I politely refuse and she doesn’t push.
Anna heads home around sun set; leaving me with the outfit that taunts the same way as chocolate cake does. Taste me. Taste me. Instead, the outfit whispers, Wear me. Wear me.
Those annoying whispers are like that immortal fly that incessantly buzzes around your head. Your try time and time again whacking it with a swatter or newspaper or tethered old book, but the frigging thing is too fast for any weapon. Wear me. Wear me. It’s useless. So you forfeit. But the thing is, in a few days or so, you forget all about that irritant; he’s not even a thought in the brain. He’s suddenly gone.
“Giving in will only contribute.”
Why make it worse when controlling temptation benefits in the long run? I’ll tell you why. Just like that fly, the reminder becomes dust.
Eating chocolate cake is instant weight gain, and oh, how do I know it. But it taste too freaking good not to have. Its rich decadency takes over every taste bud; gluttony feels so right.
Now let’s take the outfit. Trying it on has the same kind of effect: the reflection may be hideous; however, that small gleam of hope shows a slimmer, more attractive figure. And you linger on that image for minutes upon minutes until the image enlarges to poster-size and the person standing before you is so close, you can almost reach out and touch her.
Like chocolate cake, you crave it—you yearn for it. Because you know it’s not the healthiest of choice, it makes the lure that much stronger, that much harder to fight off. Sure, you can always terrorize the closet, find a different outfit. But this is supposed to be the outfit, the only outfit.
Wear me. Wear me.
It’s a constant craving that I have yet to ignore.
I take off the blue T-shirt then denim shorts, ignoring the pasty undergarments that are propellants against my skin. I grab the pants, put each leg through and then squeeze me eyes shut as the material stretches over the area known as hips and immediately hold my breath. It’s a kick to the pelvis when pants don’t button or zip up all the way or even worse, unbutton after about five minutes of sitting down and getting up or bending over and picking something up. That means going to Mom and admitting that the pants no longer fit, which only proves the chocolate cake theory.

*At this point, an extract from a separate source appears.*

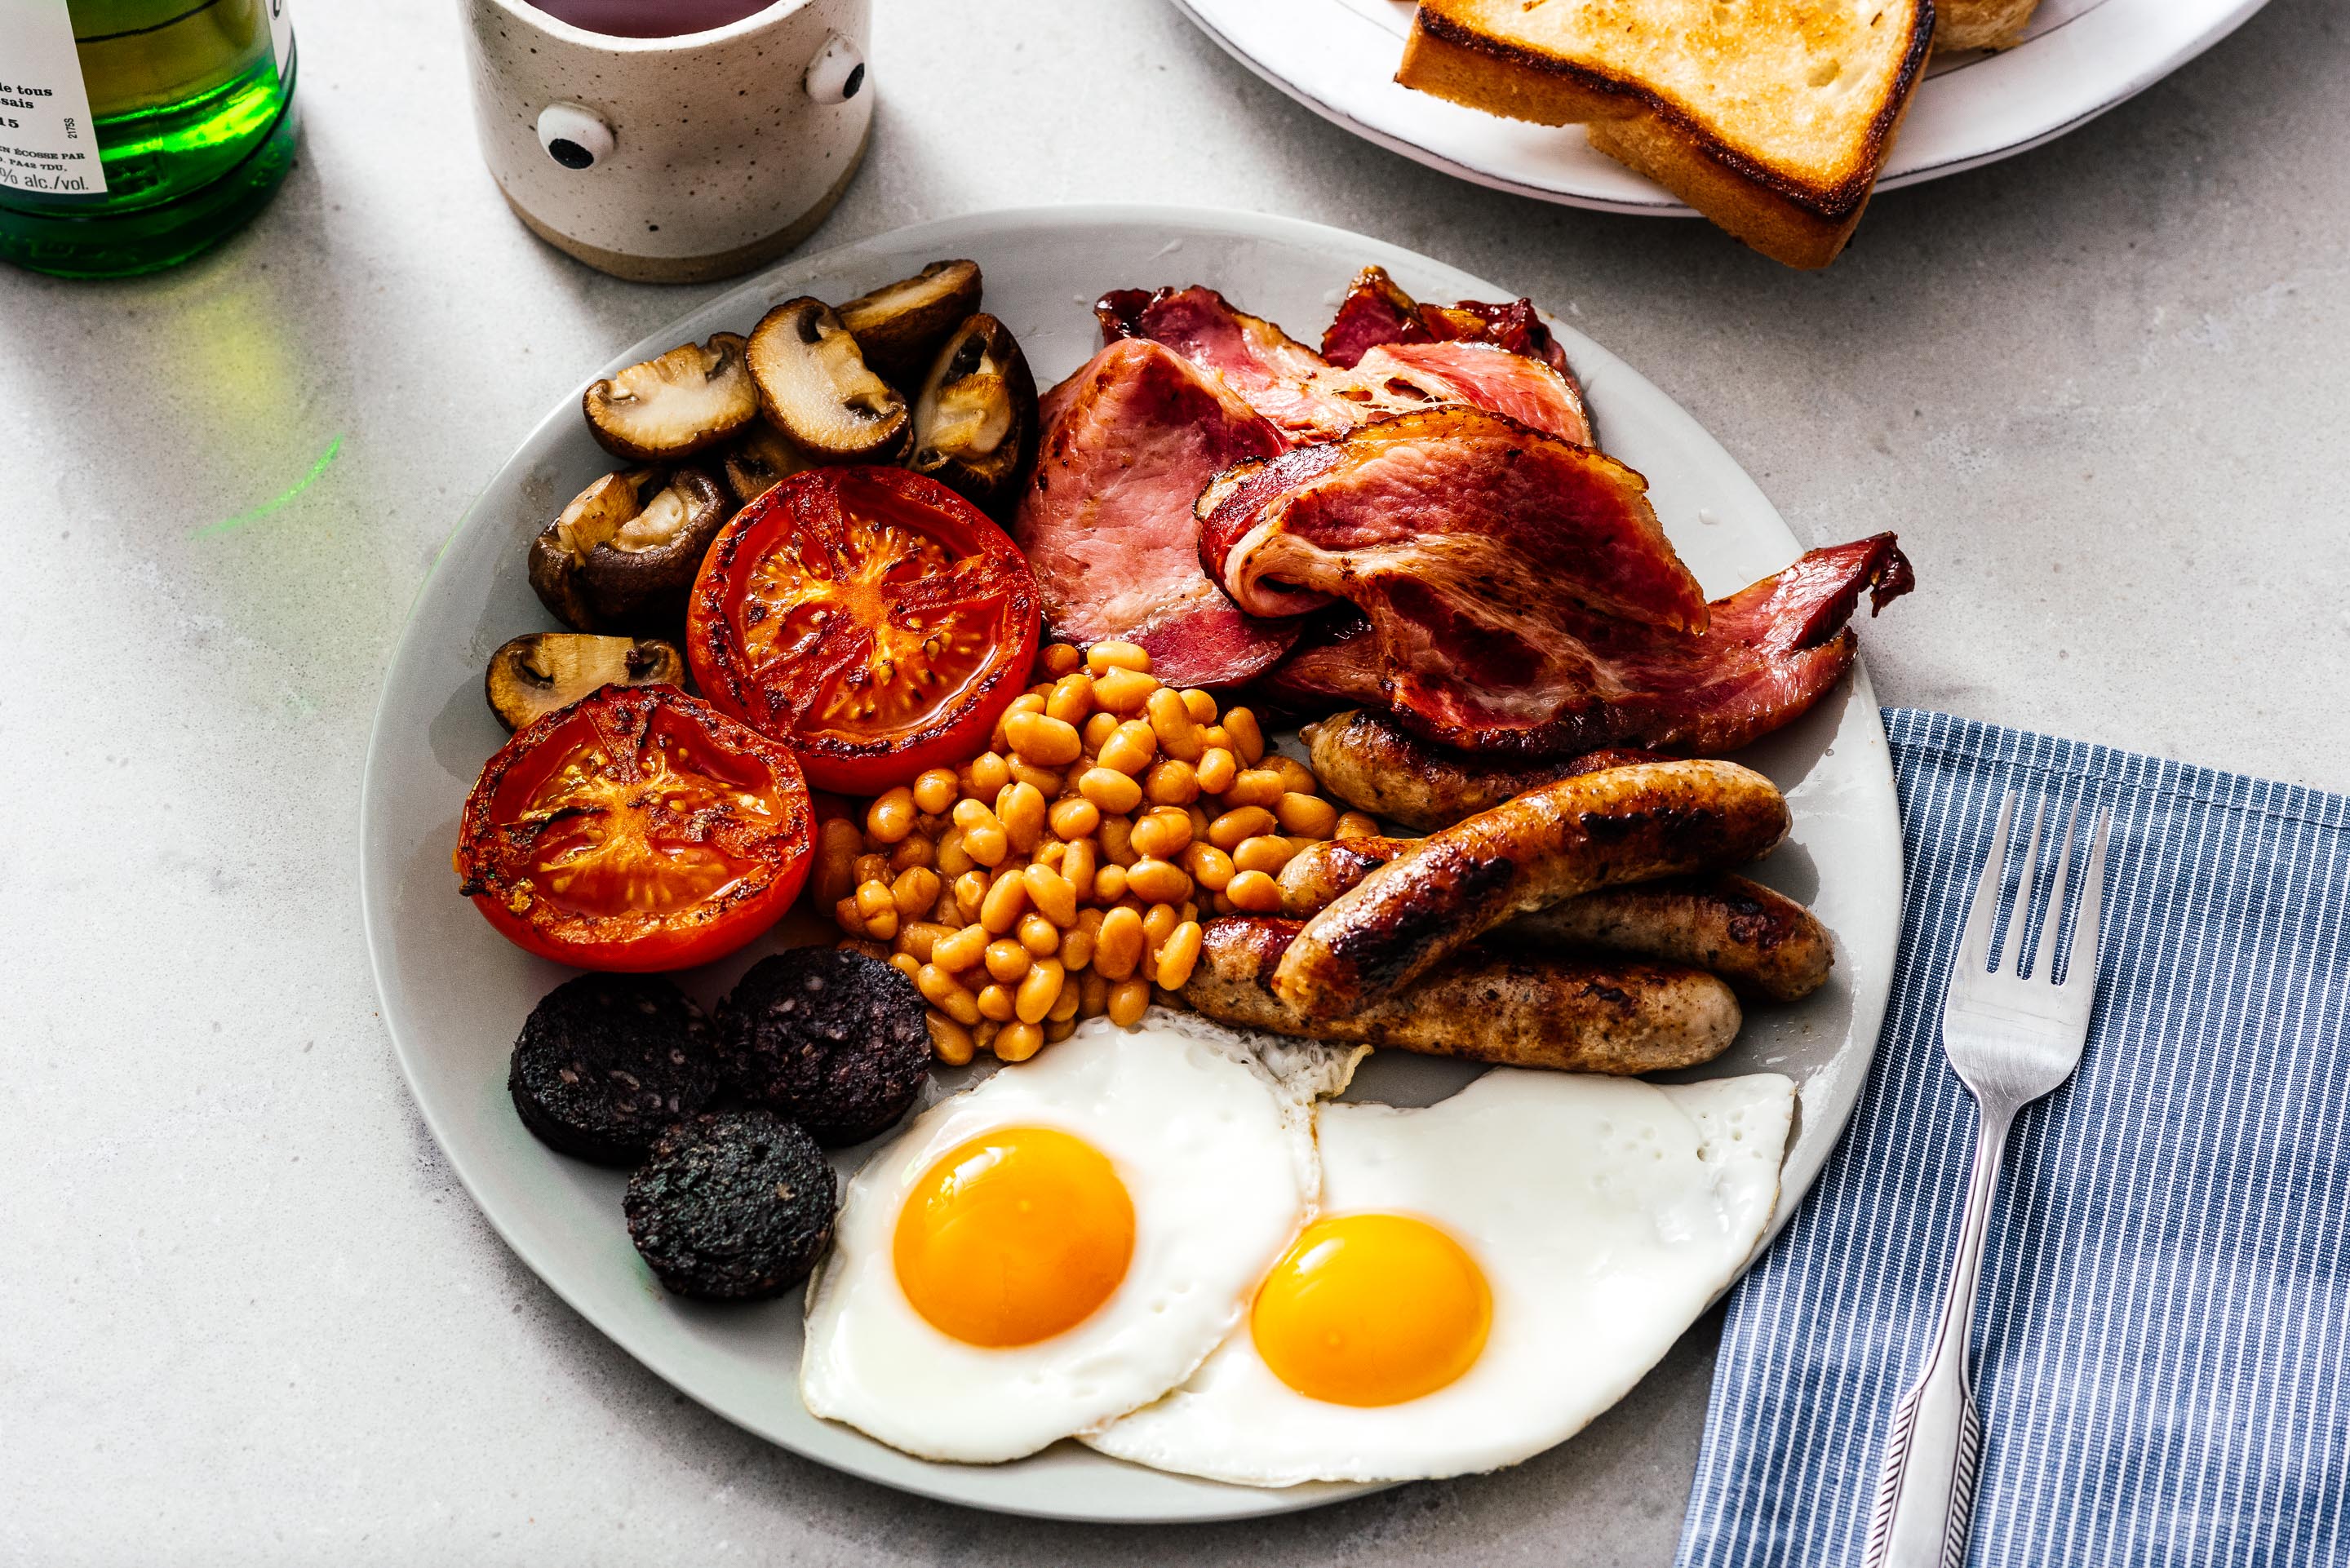 Инглиш брекфаст. Бритиш Брекфаст. Английский завтрак Британия. Full English Breakfast знаменитый английский завтрак. Традиционный завтрак в Англии.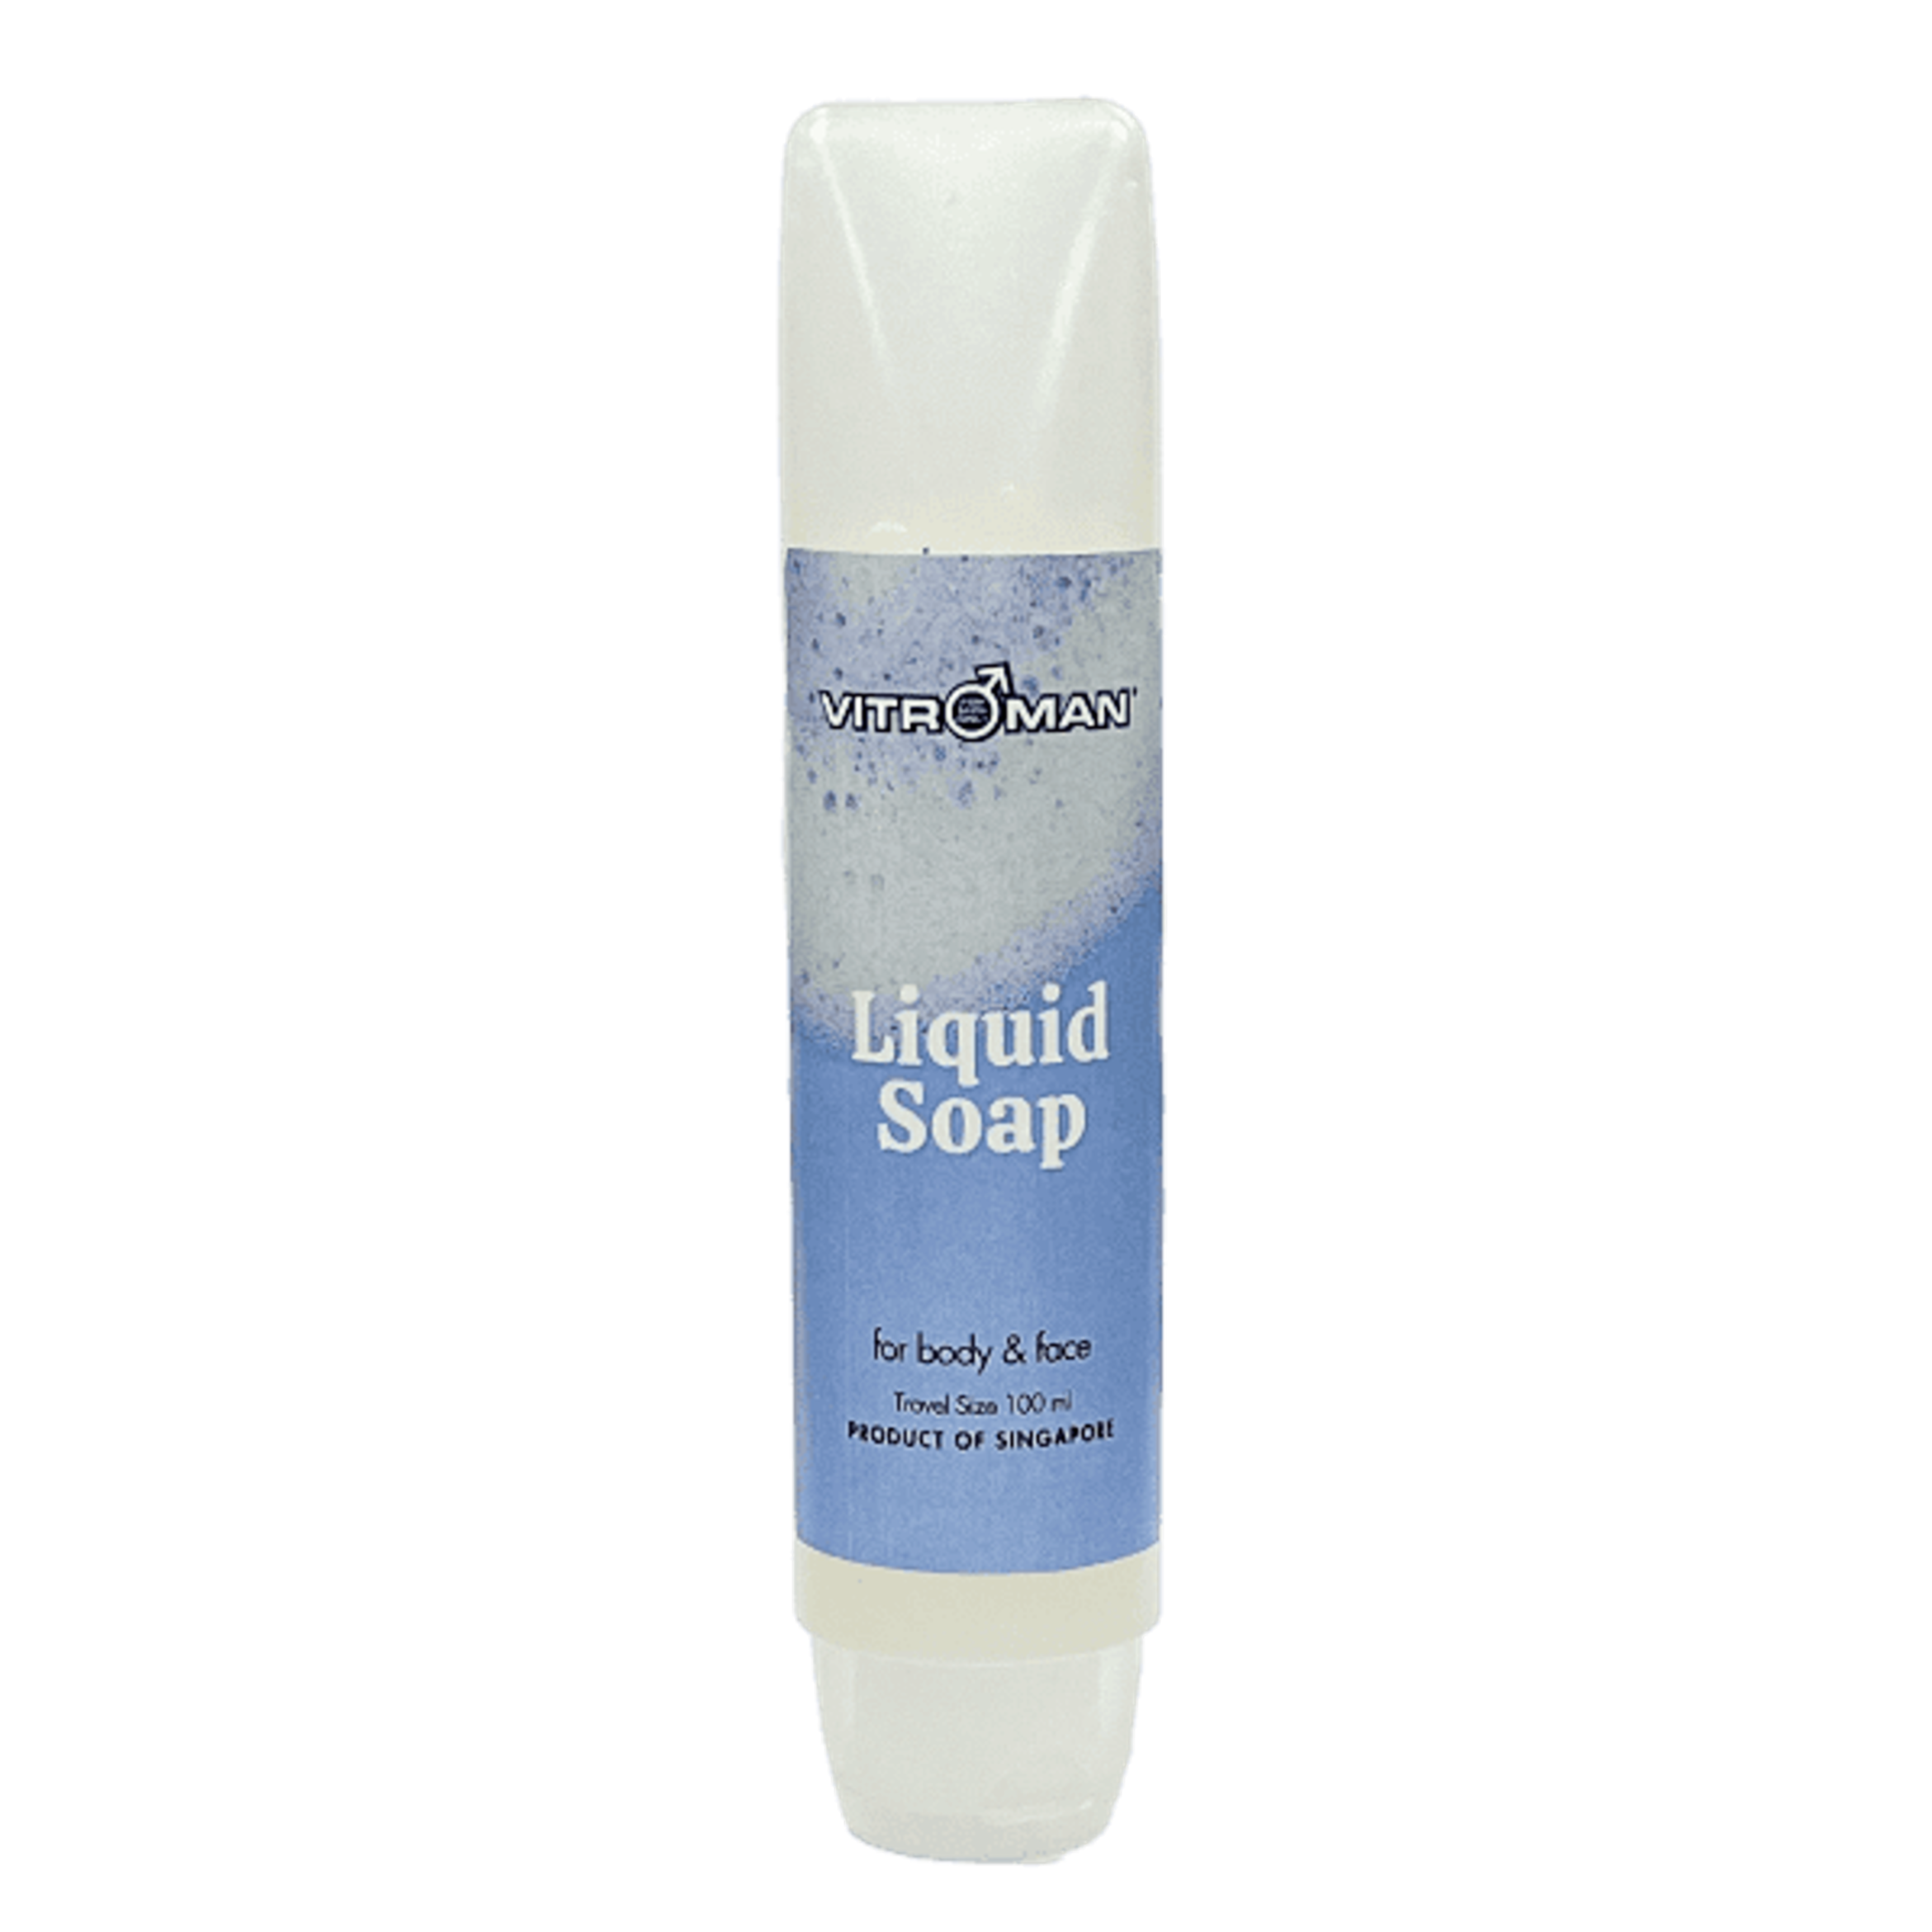 Vitroman Liquid Soap

Not only is shopping for a size five humiliating—a petite girl shouldn’t be bigger than a size three—finding a pair of pants that fit in length is equally as frustrating. Some designers just don’t seem to understand that not all short girls are the size of their pinkies. Girls come in all shapes and sizes. Shouldn’t that be the number one rule of design?
Pants made for those of us with tree stumps for legs are often too snug. They fit perfectly in length, not sagging or wrinkling, but the waste line? Yeah, spanks are probably more comfortable.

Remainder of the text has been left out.